---------- GIVEN MATERIAL ----------
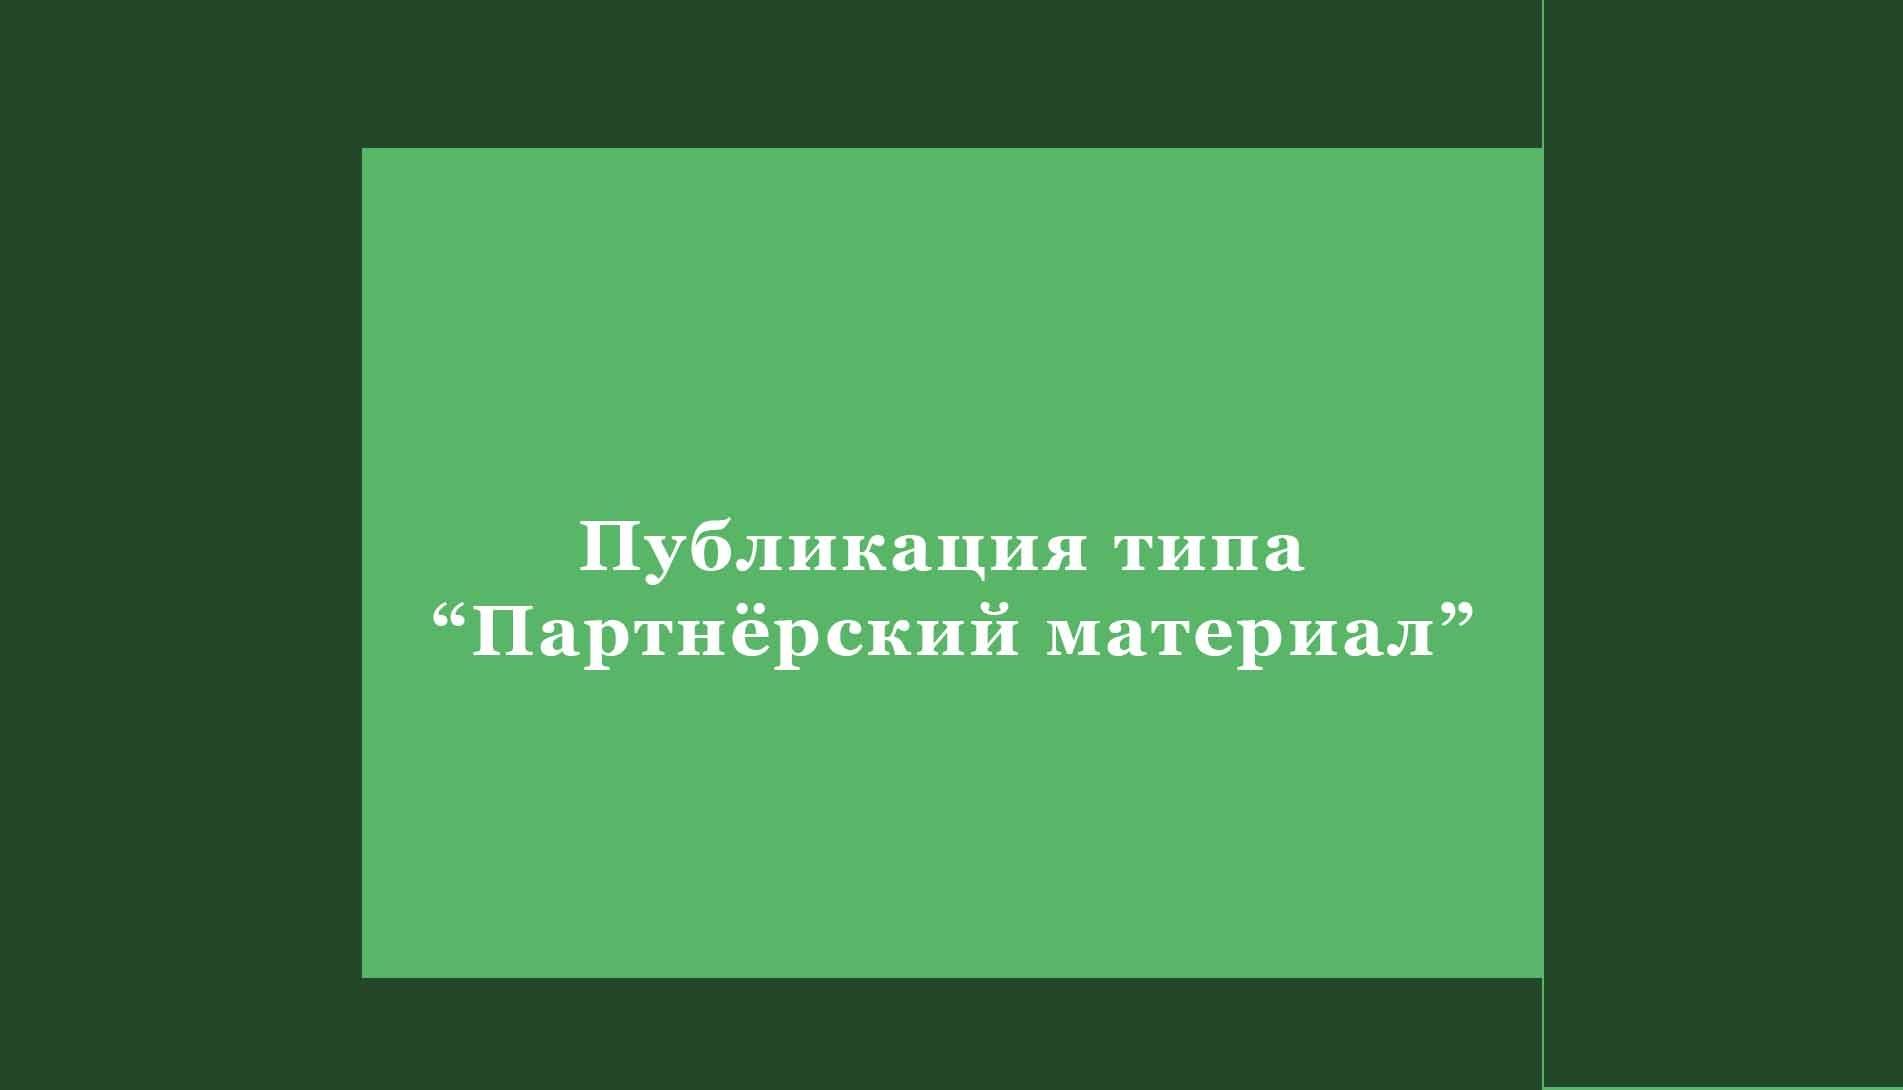 2_partnyorskiy_material_glavnaya_fotografiya_publikacii_.jpg
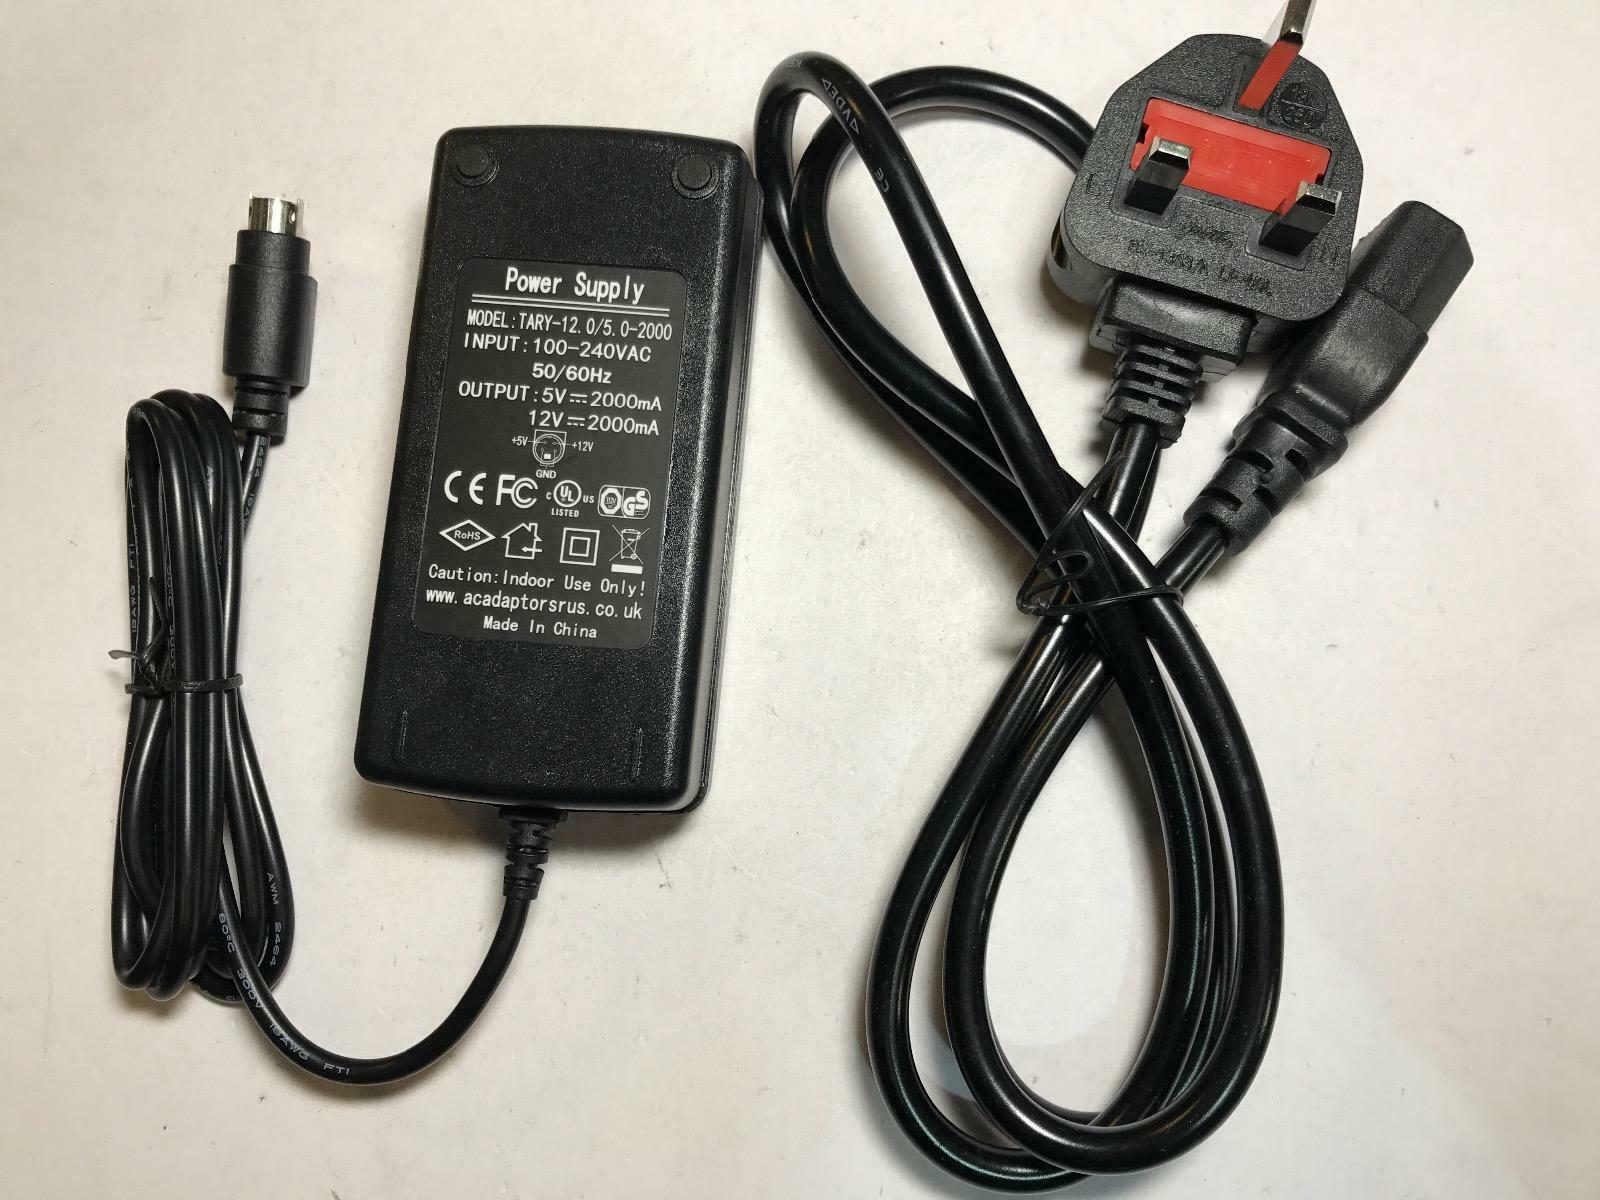 UK +5V +12V GND 4 Thin Pin Power Supply AC-DC Adaptor model TARY-12.0/5.0-2000
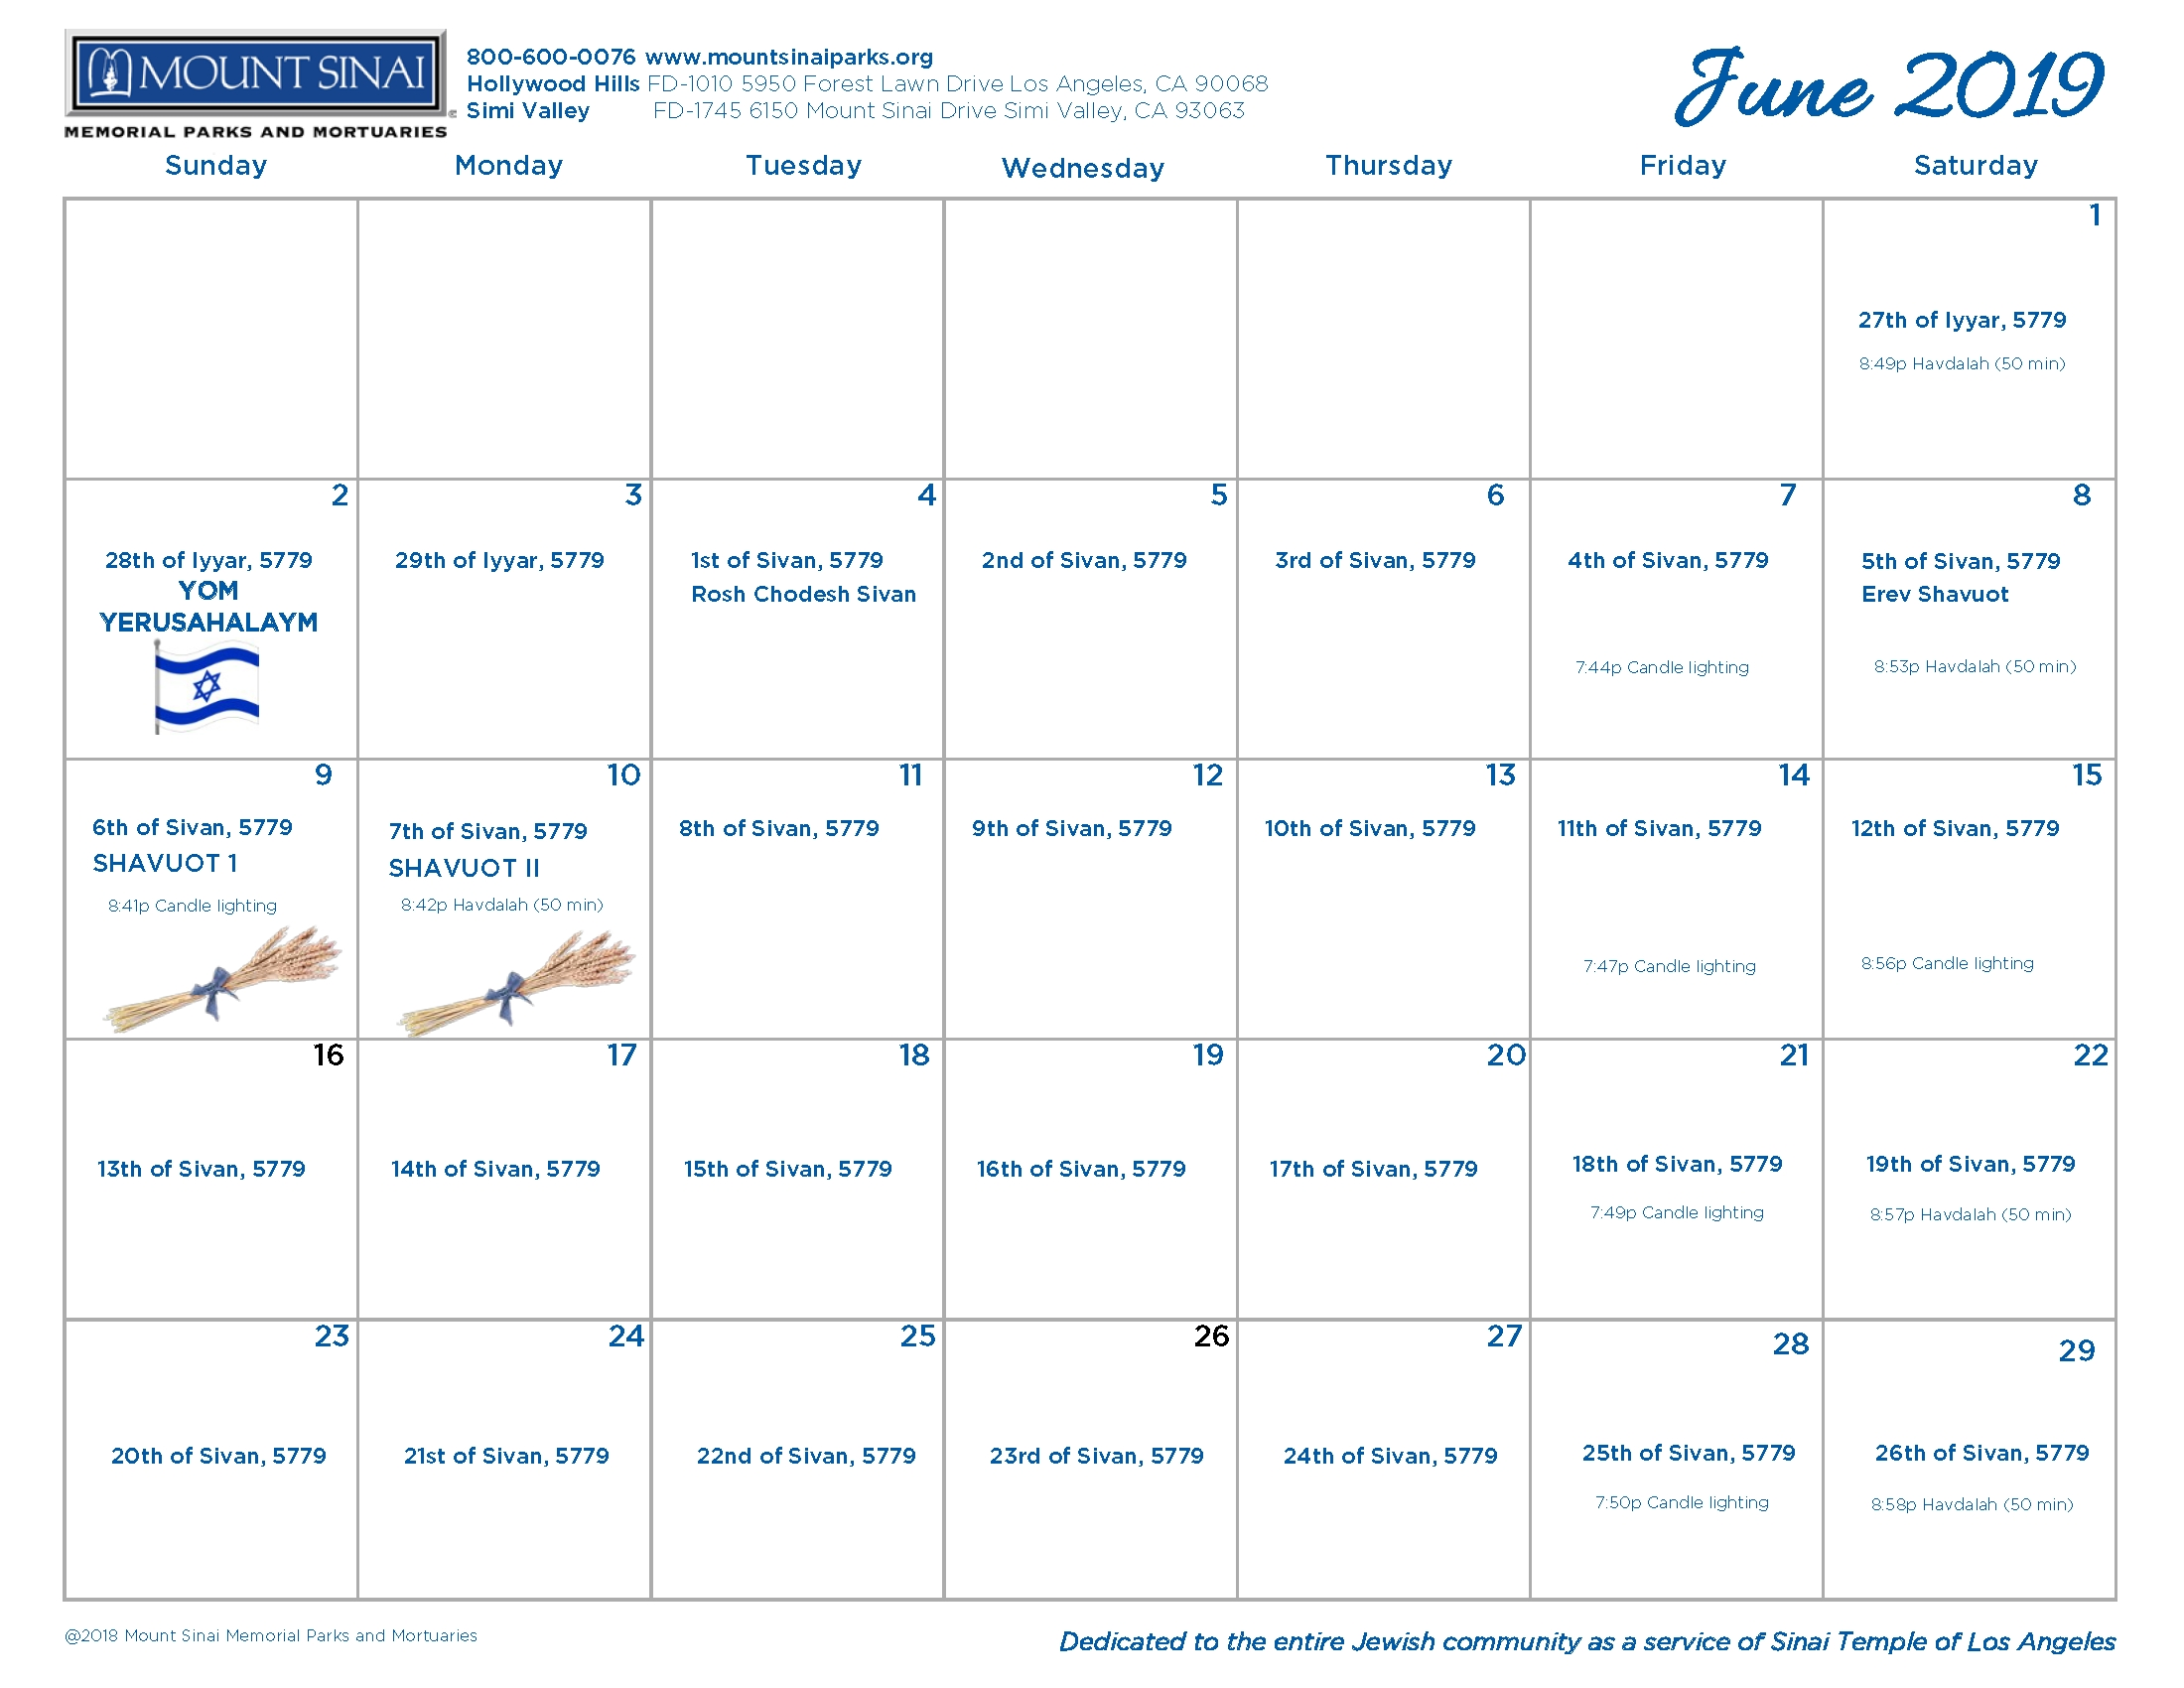 5779 Hebrew Calendar - Mount Sinai Memorial Parks And Mortuaries throughout Ewish Calendar 2019 - 2020
----------
- INSTRUCTIONS FOR THE TASK: Would you retype each line above exactly and skip every image?

- OUTPUT:
 2_partnyorskiy_material_glavnaya_fotografiya_publikacii_.jpg
 UK +5V +12V GND 4 Thin Pin Power Supply AC-DC Adaptor model TARY-12.0/5.0-2000
 5779 Hebrew Calendar - Mount Sinai Memorial Parks And Mortuaries throughout Ewish Calendar 2019 - 2020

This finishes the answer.